### Aim of the exercise:
Return the records exactly, with nothing added.

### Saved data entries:
▶

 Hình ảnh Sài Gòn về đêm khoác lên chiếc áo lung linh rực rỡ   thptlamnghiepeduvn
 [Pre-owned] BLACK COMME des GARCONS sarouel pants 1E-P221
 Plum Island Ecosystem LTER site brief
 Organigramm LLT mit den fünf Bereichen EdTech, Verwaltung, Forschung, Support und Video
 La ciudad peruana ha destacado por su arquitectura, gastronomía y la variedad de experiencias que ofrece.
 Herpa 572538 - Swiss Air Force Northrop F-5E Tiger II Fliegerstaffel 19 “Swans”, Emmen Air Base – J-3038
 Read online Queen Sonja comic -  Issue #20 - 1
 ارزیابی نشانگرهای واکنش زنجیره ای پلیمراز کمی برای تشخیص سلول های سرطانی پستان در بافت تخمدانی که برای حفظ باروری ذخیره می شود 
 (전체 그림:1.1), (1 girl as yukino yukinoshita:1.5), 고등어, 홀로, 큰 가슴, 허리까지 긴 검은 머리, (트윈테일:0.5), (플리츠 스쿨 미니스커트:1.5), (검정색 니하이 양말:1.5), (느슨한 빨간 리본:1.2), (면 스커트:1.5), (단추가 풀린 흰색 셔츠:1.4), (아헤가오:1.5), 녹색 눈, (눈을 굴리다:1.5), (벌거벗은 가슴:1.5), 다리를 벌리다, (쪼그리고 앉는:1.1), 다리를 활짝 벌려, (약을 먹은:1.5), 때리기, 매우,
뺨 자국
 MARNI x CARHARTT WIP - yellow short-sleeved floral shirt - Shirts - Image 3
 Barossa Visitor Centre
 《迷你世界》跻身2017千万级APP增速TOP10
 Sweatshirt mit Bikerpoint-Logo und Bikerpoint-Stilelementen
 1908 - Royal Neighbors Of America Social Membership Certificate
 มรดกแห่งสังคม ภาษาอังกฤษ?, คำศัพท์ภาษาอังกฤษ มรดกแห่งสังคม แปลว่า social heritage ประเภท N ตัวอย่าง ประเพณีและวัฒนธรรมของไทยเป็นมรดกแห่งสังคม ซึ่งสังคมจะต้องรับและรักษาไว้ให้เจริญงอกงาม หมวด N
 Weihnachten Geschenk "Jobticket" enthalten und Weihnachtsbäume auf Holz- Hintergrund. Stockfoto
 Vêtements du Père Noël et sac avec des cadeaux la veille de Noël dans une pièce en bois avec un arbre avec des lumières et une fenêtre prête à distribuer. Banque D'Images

◀

### Solution to the exercise:
 Hình ảnh Sài Gòn về đêm khoác lên chiếc áo lung linh rực rỡ   thptlamnghiepeduvn
 [Pre-owned] BLACK COMME des GARCONS sarouel pants 1E-P221
 Plum Island Ecosystem LTER site brief
 Organigramm LLT mit den fünf Bereichen EdTech, Verwaltung, Forschung, Support und Video
 La ciudad peruana ha destacado por su arquitectura, gastronomía y la variedad de experiencias que ofrece.
 Herpa 572538 - Swiss Air Force Northrop F-5E Tiger II Fliegerstaffel 19 “Swans”, Emmen Air Base – J-3038
 Read online Queen Sonja comic -  Issue #20 - 1
 ارزیابی نشانگرهای واکنش زنجیره ای پلیمراز کمی برای تشخیص سلول های سرطانی پستان در بافت تخمدانی که برای حفظ باروری ذخیره می شود 
 (전체 그림:1.1), (1 girl as yukino yukinoshita:1.5), 고등어, 홀로, 큰 가슴, 허리까지 긴 검은 머리, (트윈테일:0.5), (플리츠 스쿨 미니스커트:1.5), (검정색 니하이 양말:1.5), (느슨한 빨간 리본:1.2), (면 스커트:1.5), (단추가 풀린 흰색 셔츠:1.4), (아헤가오:1.5), 녹색 눈, (눈을 굴리다:1.5), (벌거벗은 가슴:1.5), 다리를 벌리다, (쪼그리고 앉는:1.1), 다리를 활짝 벌려, (약을 먹은:1.5), 때리기, 매우,
뺨 자국
 MARNI x CARHARTT WIP - yellow short-sleeved floral shirt - Shirts - Image 3
 Barossa Visitor Centre
 《迷你世界》跻身2017千万级APP增速TOP10
 Sweatshirt mit Bikerpoint-Logo und Bikerpoint-Stilelementen
 1908 - Royal Neighbors Of America Social Membership Certificate
 มรดกแห่งสังคม ภาษาอังกฤษ?, คำศัพท์ภาษาอังกฤษ มรดกแห่งสังคม แปลว่า social heritage ประเภท N ตัวอย่าง ประเพณีและวัฒนธรรมของไทยเป็นมรดกแห่งสังคม ซึ่งสังคมจะต้องรับและรักษาไว้ให้เจริญงอกงาม หมวด N
 Weihnachten Geschenk "Jobticket" enthalten und Weihnachtsbäume auf Holz- Hintergrund. Stockfoto
 Vêtements du Père Noël et sac avec des cadeaux la veille de Noël dans une pièce en bois avec un arbre avec des lumières et une fenêtre prête à distribuer. Banque D'Images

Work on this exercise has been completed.